# TANGRAM: A Dataset for FPGA-Based Heterogeneous Systems-on-Chip Optimization

The design of heterogeneous SoCs has shown a growing trend in the latest
years, since the end of Moore's Law and Dennard Scaling made hardware
acceleration the only viable solution too keep the pace with increasing
performance demands in the HPC industry.
However, the state of the art lacks any general methodology for
accurately predicting the throughput of a hardware accelerator in a
system where resources like buses and memory are contended between many
computing elements.
A performance prediction is mandatory for SoC optimization, because both the
simulation and the FPGA implementation of complex SoCs require too much time
to explore a significative part of the design space.

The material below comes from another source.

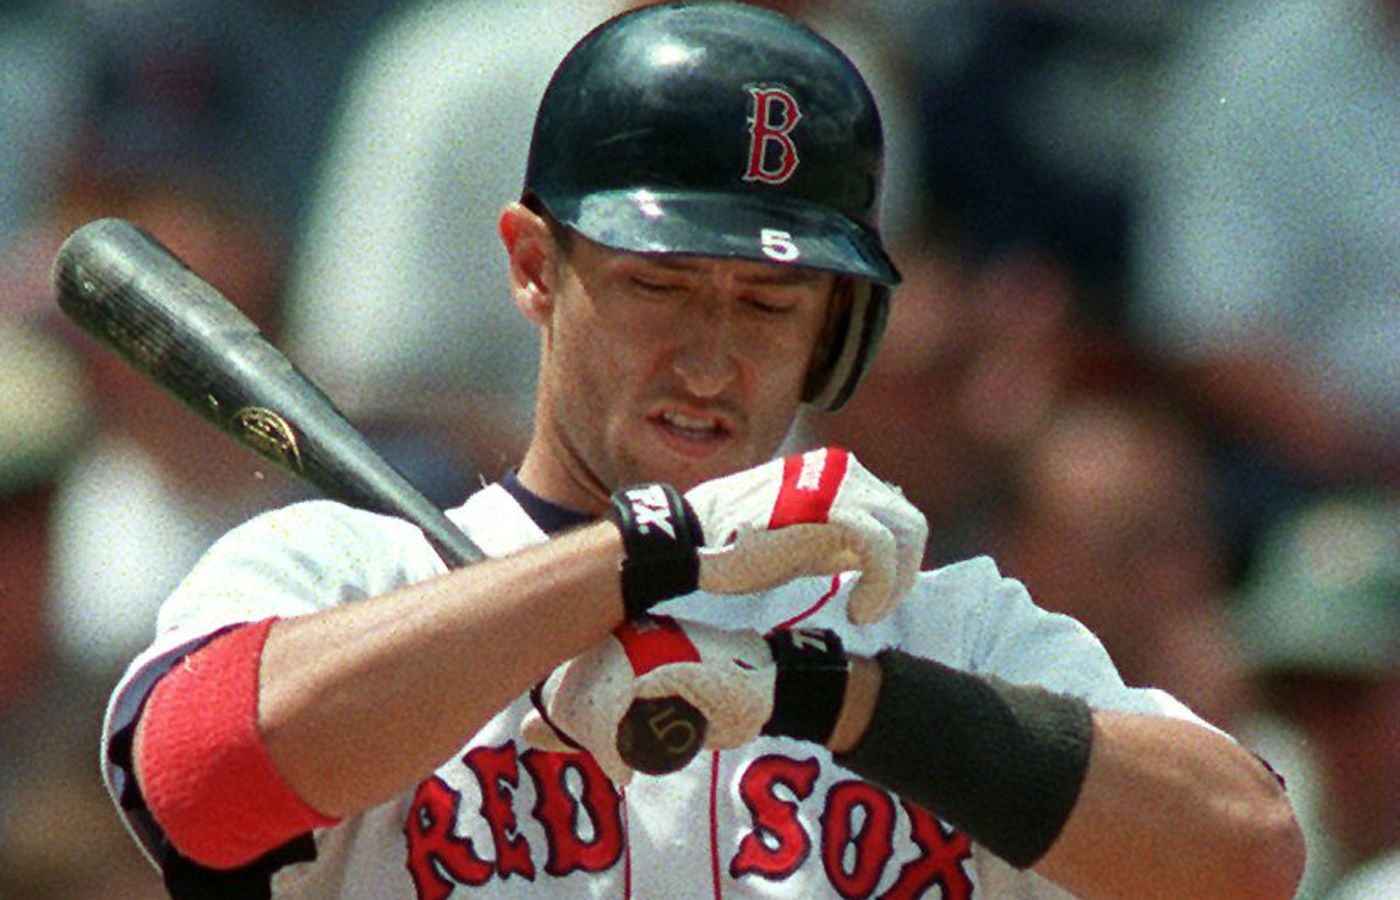 Red Sox Debate: Boston's Nomar Garciaparra vs New York's Derek Jeter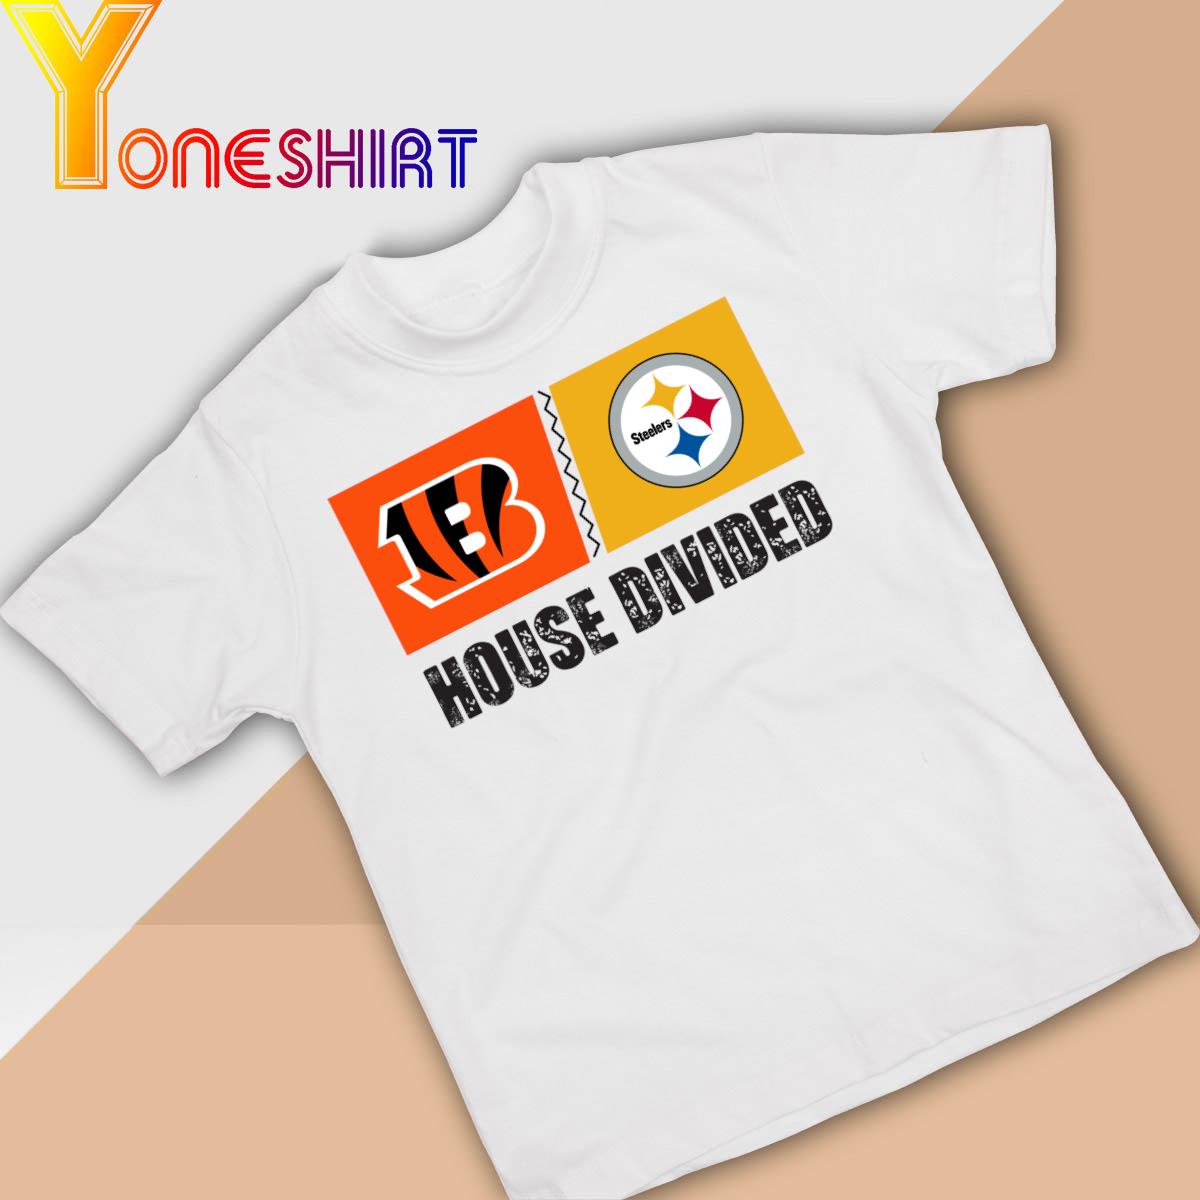 Cincinnati Bengals vs Pittsburgh Steelers House Divided shirt

The main idea behind TANGRAM is quite simple: unleashing the power of
machine learning to predict the throughput of applications in different
configurations. TANGRAM is a collection of area and performance results of
more than 40000 different SoC configurations, that differ for size and chosen
applications. This dataset aims to help researchers develop new methodologies
for effectively predicting the throughput of accelerators in environment with
high traffic and resource contention, boosting the research of new optimization
solutions for heterogeneous SoCs.

## Repository organization

The repository is organized as follows:

* `data` contains all the area and performance results related to the SoCs
  that have been implemented and tested. This folder is further divided in
  `EX` and `NX`.

* `models` includes the three models used to validate the TANGRAM dataset,
  namely the Gaussian Process, the K-Nearest Neighbors, and the Random
  Forest.

* `scripts` contains two Python scripts, `regression_main.py` and
  `optimization_main.py`, that compute the
  regression error, and identify the optimal configuration with an iterative
  procedure given a set of constraints on the throughput, respectively.


## Getting started

The repository contains two Python scripts, `regression_main.py` and
`optimization_main.py`, intended to showcase two exemplifying usages of the
TANGRAM dataset.

In order to use the scripts, the user must ensure the following Python
dependencies:

`pip install scikit_learn`

`pip install matplotlib`

Both the scripts can be launched by simply specifying the JSON file corresponding
to the scenario for which we would like to perform the regression or the optimization
(note that the optimization script is intended to be used with exhaustive scenarios,
i.e. the ones in the `EX` folder). The JSON file containing the tiles information is
needed as well. For example, if we want to find the regression
error for the NX1 random scenario, from the main folder we run:

`python3 scripts/regression_main.py data/NX/nx1/nx1_rand.json data/tiles_virtex7.json `

The scripts can be tuned to adjust the experiments as needed.
Regarding the `regression_main.py` script, the user can change the number of tests
and the explored training set sizes.
For the `optimization_main.py` script, the user can modify the number of tests,
the maximum number of iteration for the optimization process, and the throughput
threshold of each application (refer to the `tiles_*.json` files to get an idea of
the throughput of the various applications).


## Intended use

The goal of the TANGRAM dataset is to allow researchers to develop methodologies
for performance prediction and optimization of complex SoCs without having to generate
the necessary hardware results by themselves.
In this sense, the scripts included in this repository can be viewed as templates for
the use and manipulation of the dataset.
A researcher wanting to design a novel methodology for performance prediction could start
by modifying the source files available in the `models` folder, developing new approaches that
adopt customized regression models and/or make use of a more extensive set of accelerators and
SoC features.